Wendell Berry is one of our most important contemporary writers, for his criticisms of the materialist worldview at the foundation of modern America. His criticisms focus on agriculture, place, and industrialism, symbolic of how we've wandered from the ways of our fathers.
We moderns have sacrificed the intangible for what we perceive as tangible—believing more is always better, efficiency rules, and anyone who gets in the way is a luddite or crank. Our measures of success are in terms of GDP, dollars per share, test scores, and approval ratings. But there is an inherent compromise in accepting these terms. Berry writes, “To regard the economy as an end or as the measure of success is merely to reduce students, teachers, researchers, and all they know or learn to merchandise. It reduces knowledge to ‘property’ and education to training for the ‘job market.’” p. 171
But people aren’t merchandise, nor value mere economics. He writes that “if you want to evaluate the agriculture of a region, you must begin not with a balance sheet, but with the local water. How continuously do the small streams flow? How clear is the water? How much sediment and how many pollutants are carried in the runoff? Are the ponds and creeks and rivers fit for swimming? Can you eat the fish?” p. 177
Industrialists and agribusinesses do not want to measure these things because they conflict with their balance sheets. If they are accountable for the availability of water, the quality of it, the pollutants they spill into our waterways, or the fish that live in them, they would compromise they would lose their competitive balance. I write this, not as one advocating for further environmental regulation, but as one in favor of giving individuals and communities equal protection under the law, rather than favoring large corporations with special interest funds and agendas.

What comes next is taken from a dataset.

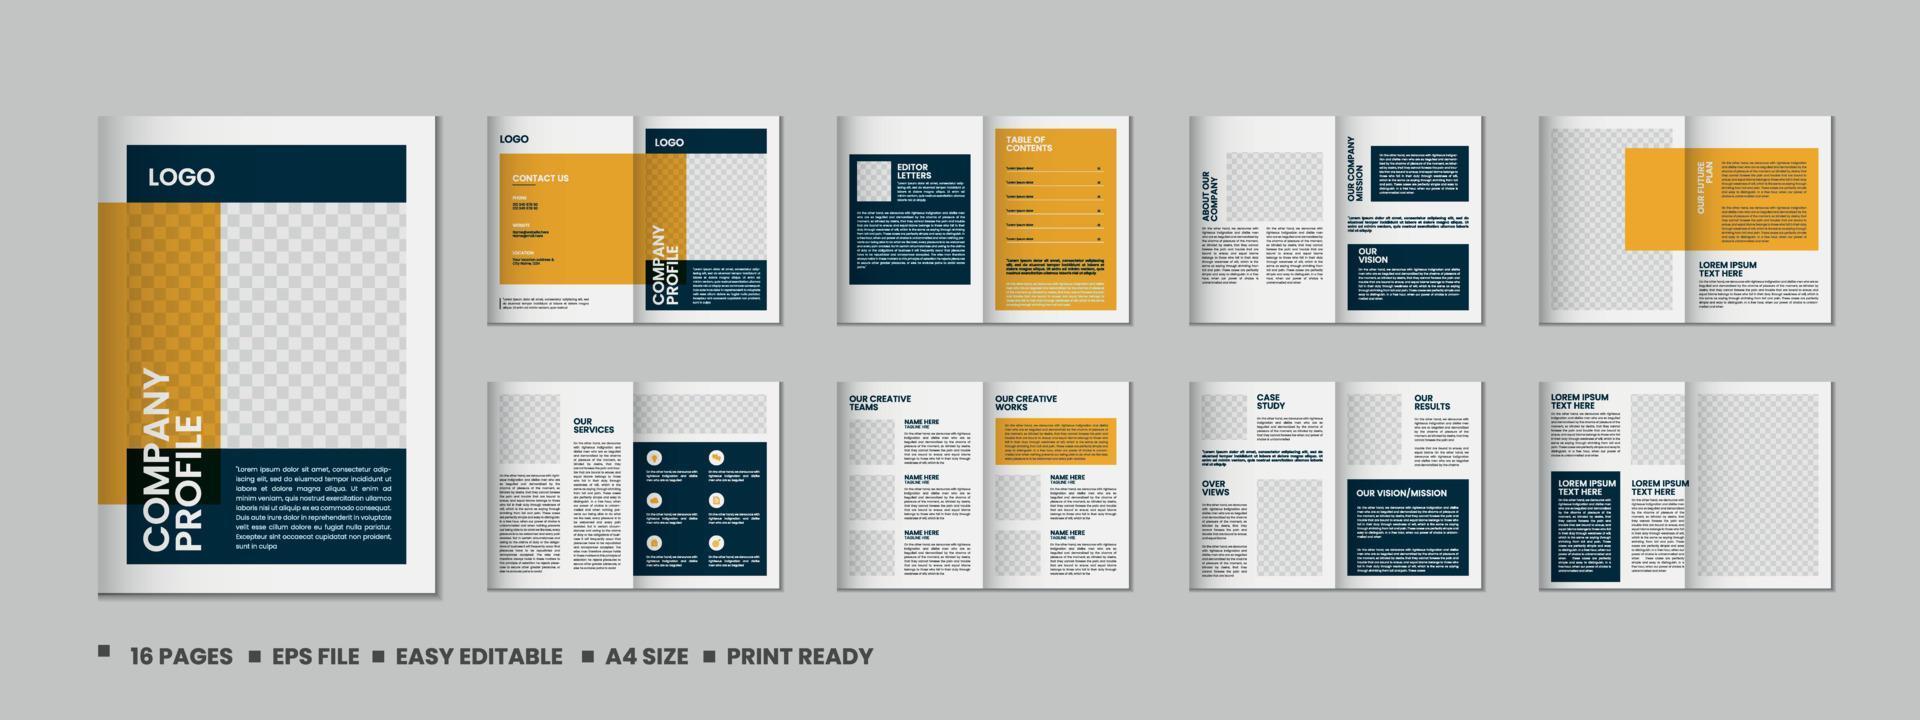 empresa perfil, dieciséis paginas portafolio revista y a4 de múltiples fines arquitectura folleto modelo diseño vector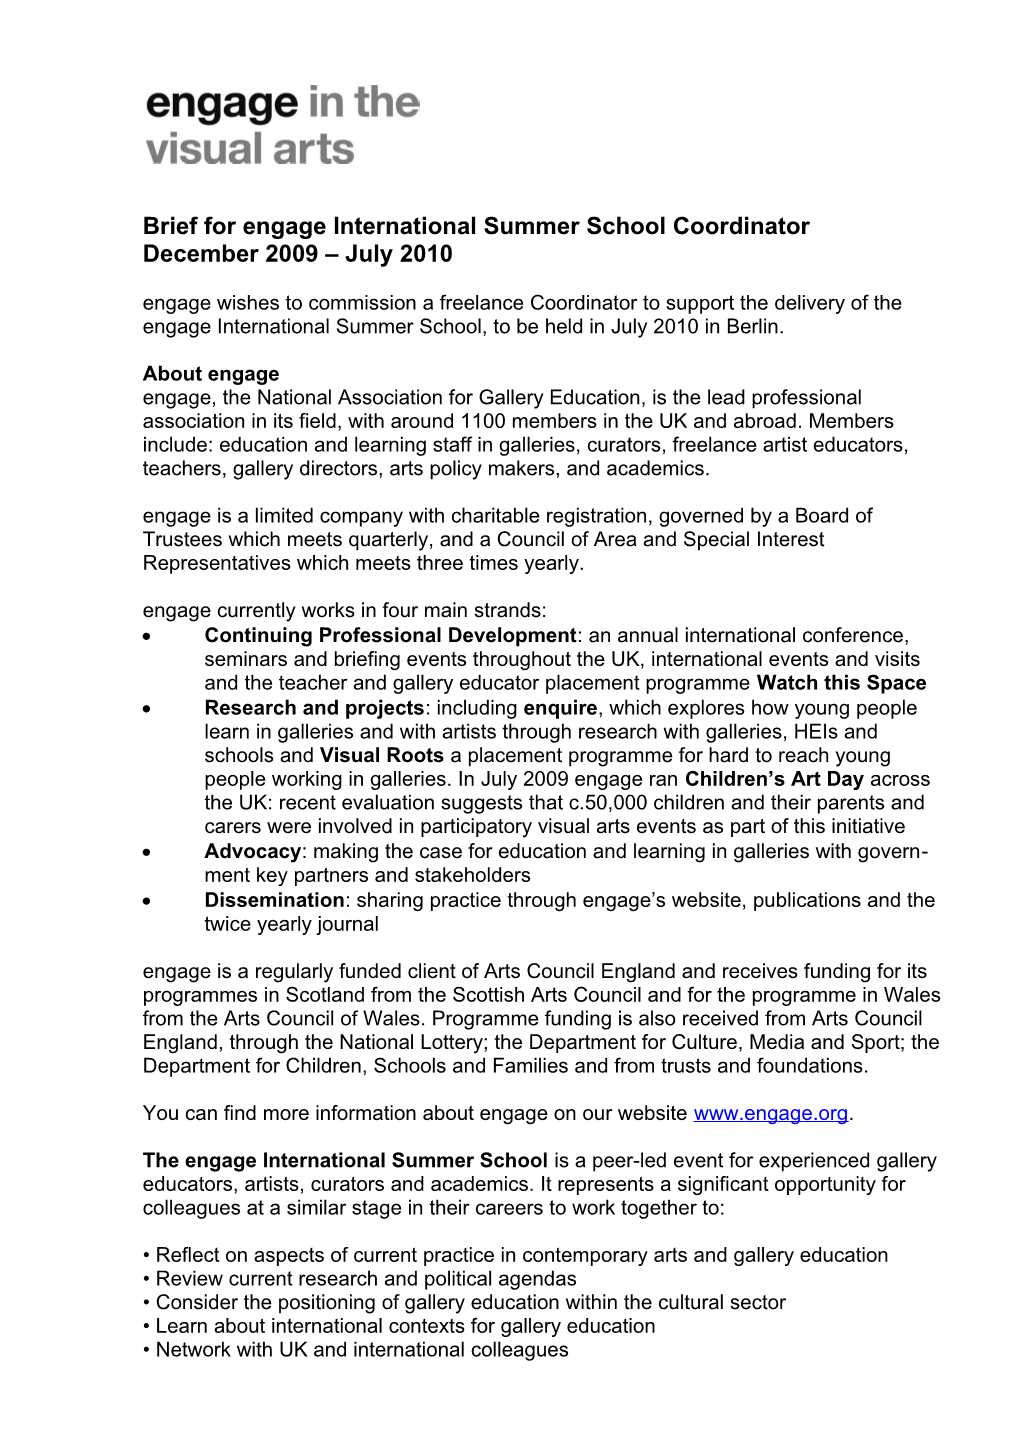 Brief for Engage International Summer School Coordinator

Berry is a bit confused here—the role of government in the problem, and the solution to the industrialization of American culture. He does acknowledge that agribusiness is in bed with the government when he writes, “the advocates of factory farming are not advocates of farming. They do not speak for farmers. What they support is state-sponsored colonialism—government of, by, and for the corporations.” p. 15 Statements like this do approach the problem in the right way, in articulating the destructive nature of corporatism.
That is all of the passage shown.